Slashdot Mirror


Genetic Database Hits One Billion Entries

ChocSnorfler writes to tell us that the Sanger Institute is reporting that their Genetic Record Database has hit one billion entries, making it the world's largest. From the announcement: "The Trace Archive is a store of all the sequence data produced and published by the world scientific community, including the Sanger Institute's own prodigious output as a world-leading genomics institution. To grasp how much data is in the Archive, if it were printed out as a single line of text, it would stretch around the world more than 250 times. Printing it out on pages of A4 would produce a stack of paper two-and-a-half times as high as Mount Everest. The Archive is 22 Terabytes in size and doubling every ten months."

6 of 189 comments (clear)

  1. 22TB is nothing. by Duncan3 · · Score: 3, Insightful

    Wow, that's almost 12U of rack space. Oh my *yawn*

    Now the fact that that's all genetic data, that's amazing considering a human is only ~1GB so 22,000 humans worth.

    --
    - Adam L. Beberg - The Cosm Project - http://www.mithral.com/
  2. So tired. So very, very tired. Of that. by ScentCone · · Score: 5, Insightful

    If we stacked up all of the useless length metaphors/comparisons from end to end, they'd still add up to a non-useful mental image of a billion genetic records.
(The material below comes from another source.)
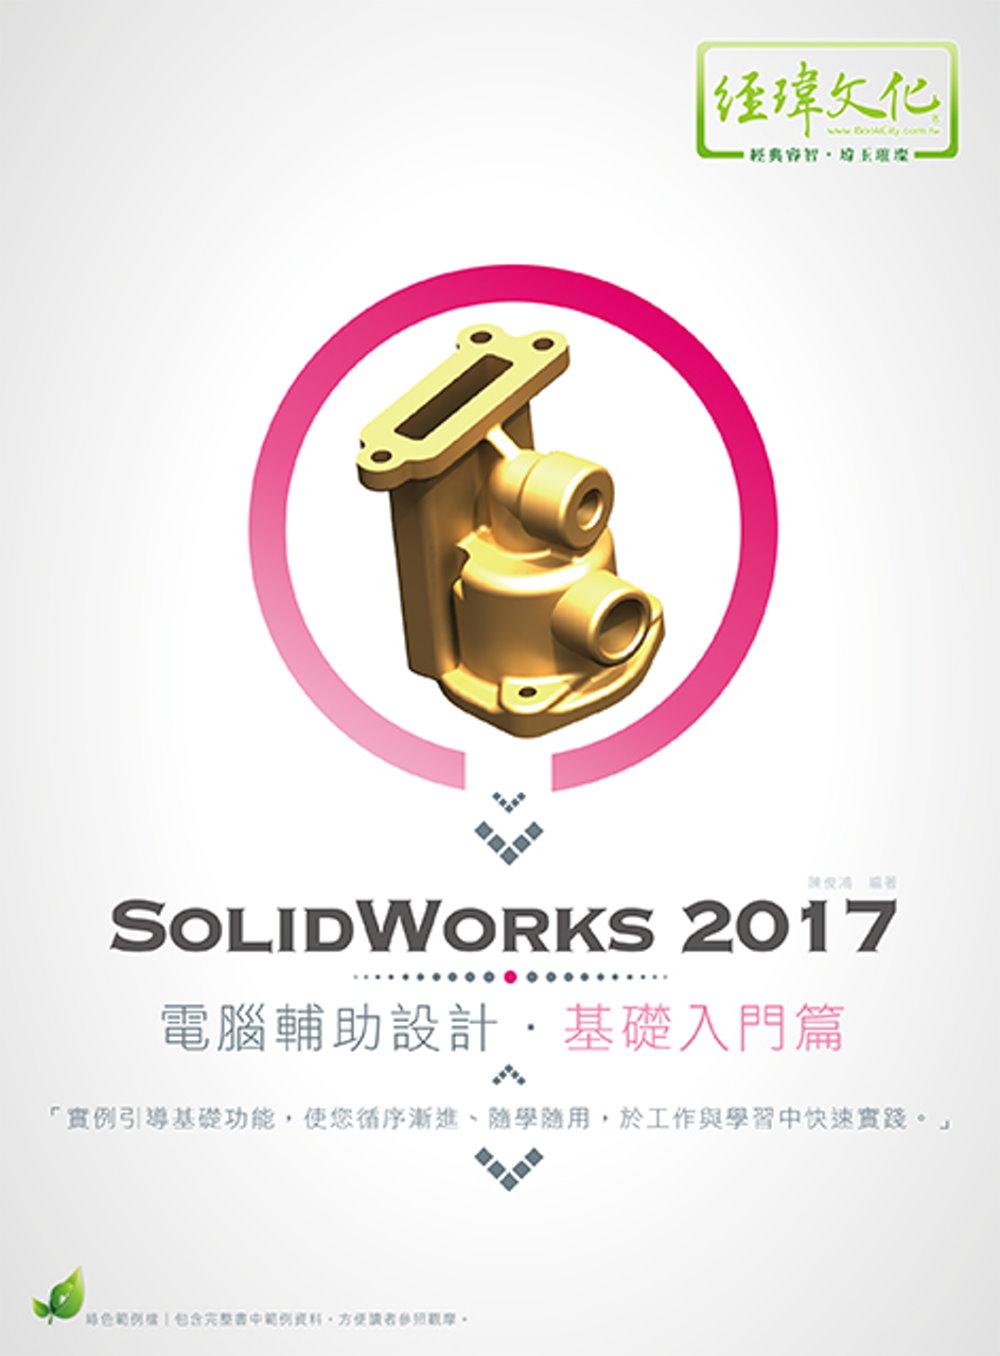 SolidWorks 2017 電腦輔助設計—基礎入門篇(附綠色範例檔)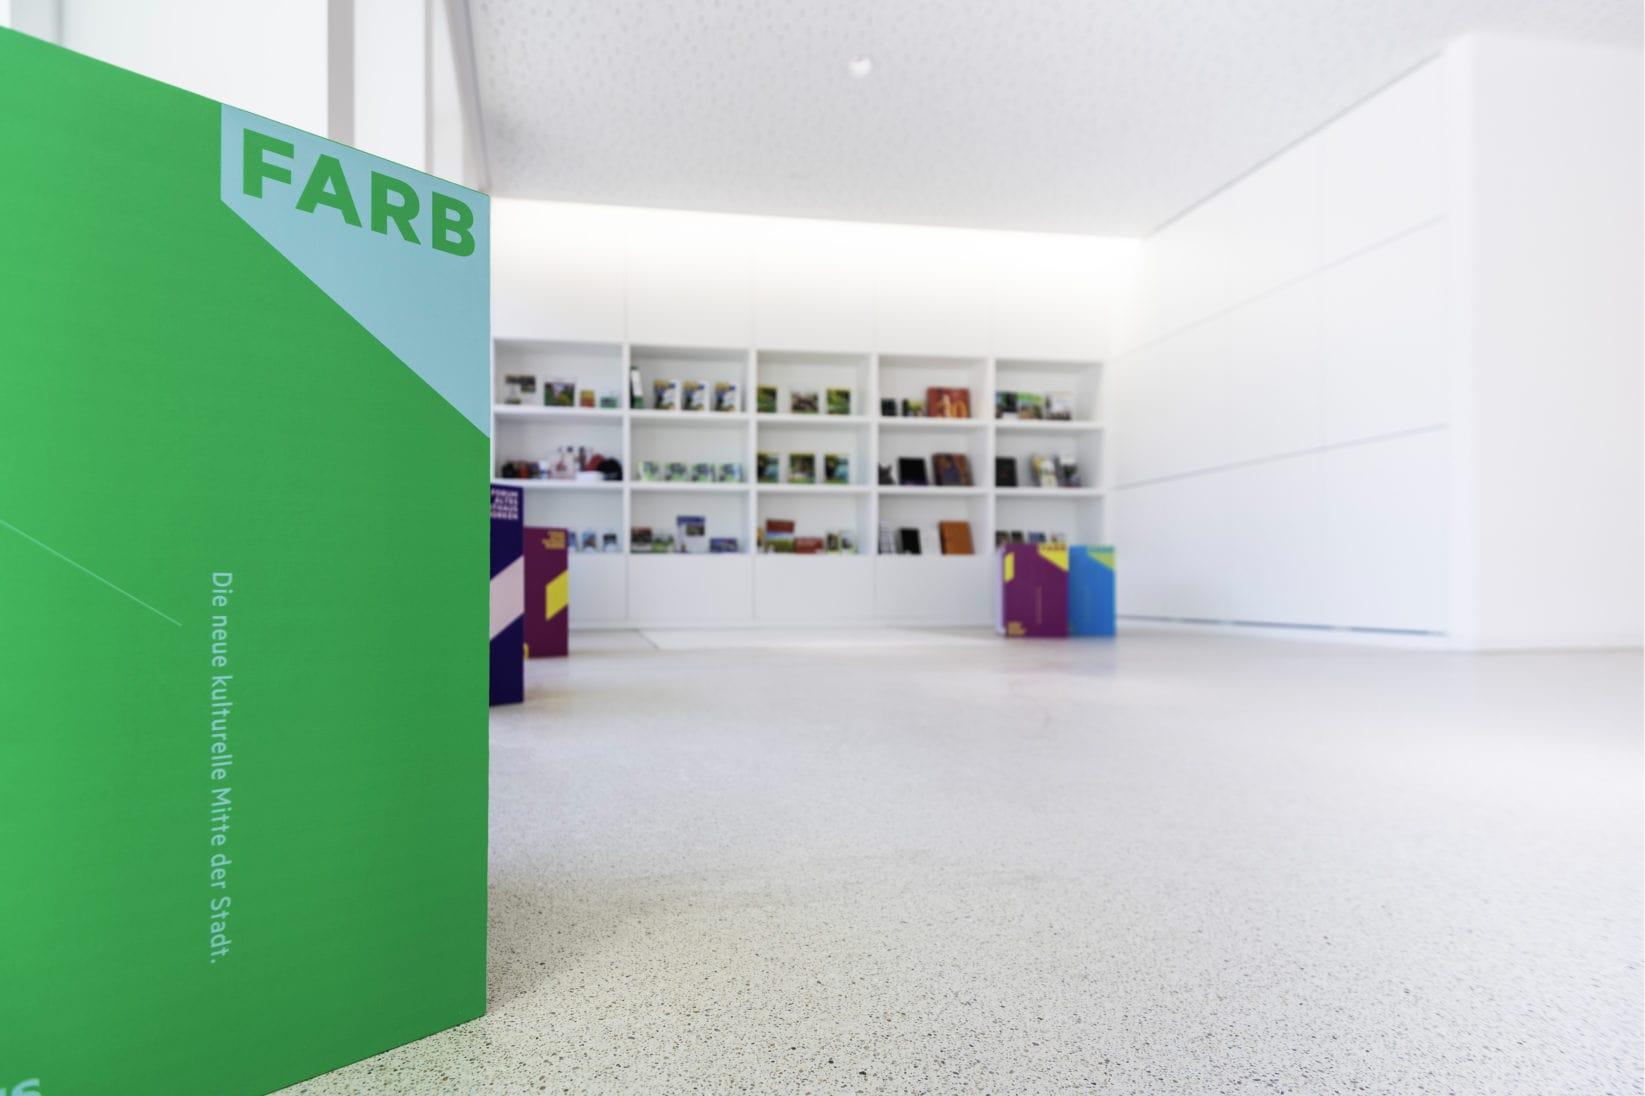 Farb Foyer Innenansicht

    I mean, "printed out as a single line of text, it would stretch around the world more than 250 times" means what, in terms of helping us picture this? I take it that we're not supposed to be able to imagine a billion records, but we can all clearly picture some text wrapped around the planet 250 times? Ah, that's much more helpful!

    Now, I just got done re-indexing 10 million records in a database, and I can sort of picture 100 times that much work. This is slashdot! More nerdly examples, please.

    --
    Don't disappoint your bird dog. Go to the range.
  3. How big compressed? by Mr_Tulip · · Score: 3, Insightful

    I mean, most of that data is just redundant pairs of A-G C-T T-G etc...

    I reckon you could zip it up and it'll fit on a couple of floppy disks.

  4. The amazing thing is how SMALL it is. by sbaker · · Score: 5, Insightful

    All this hype about how vastly much paper you get if you print it all out misses the wonder of the thing.

    The wonder isn't how BIG the human genome is - the amazing thing is how *TINY* it is.

    The human genome is 3 billion base pairs...each base pair is one of only four possibilities - so two bits each. 750 Megabytes...that's one CD-ROM. There is a lot of redundancy in it too - many of those base pairs are never 'expressed' as proteins, many are replicated redundantly dozens of times. So with compression, or even just deleting the junk - you'd get it down to maybe 100 to 200 megs - tops.

    I find it utterly amazing that all that complexity is so amazingly compactly encoded.

    Yeah - that's a lot of bits of paper - or 600 floppy disks or some other bullshit - but by the standards of modern media, it's MICROSCOPIC.

    Announcements like this would do better to explain how LITTLE data this really is - that's the wonder of the thing.

    --
    www.sjbaker.org
  5. Re:For God's sake, don't print it! by Firehed · · Score: 3, Insightful
    Right. Because hard drives aren't ever going to be made from today forward, and certainly won't get bigger in capacity.

    If I'm doing the math right, that would put the storage needed at about 25EB eight years out from now (about ten doublings is 1024 times the current needs). Which is only 50,000 500GB drives. While certainly quite a lot, if the average hard drive space is even 10GB, times millions of computers just in the US, I think we're set. Seagate probably sells that much storage every week.

    I'm pretty sure we'll run out of species to map the genetic info of before we run out of space to store that info.

    Still, quite the accomplishment.

    --
    How are sites slashdotted when nobody reads TFAs?
  6. Re:Dubious claims by timeOday · · Score: 4, Insightful
    Such claims should be taken with a grain of salt until they reveal what fonts and point sizes they use.
    Let me interpret for you: it's a lot.

    What's incredibly more lame is that 99% of the slashdot comments on this article so far are stuck on units of measure. Clearly it's a lot. Instead of debating the length of a piece of string, how about some discussion on how to distribute and analyze so much data. At this point I'd almost welcome some grousing about patents or dumb google DNA-related theories. We're barely scratching the surface on understanding genetic data. Even finding approximate substring matches within samples is fairly difficult. Here we have the world's biggest crossword puzzle which encodes the secrets of life itself and most of you guys are stuck on the point size of the font.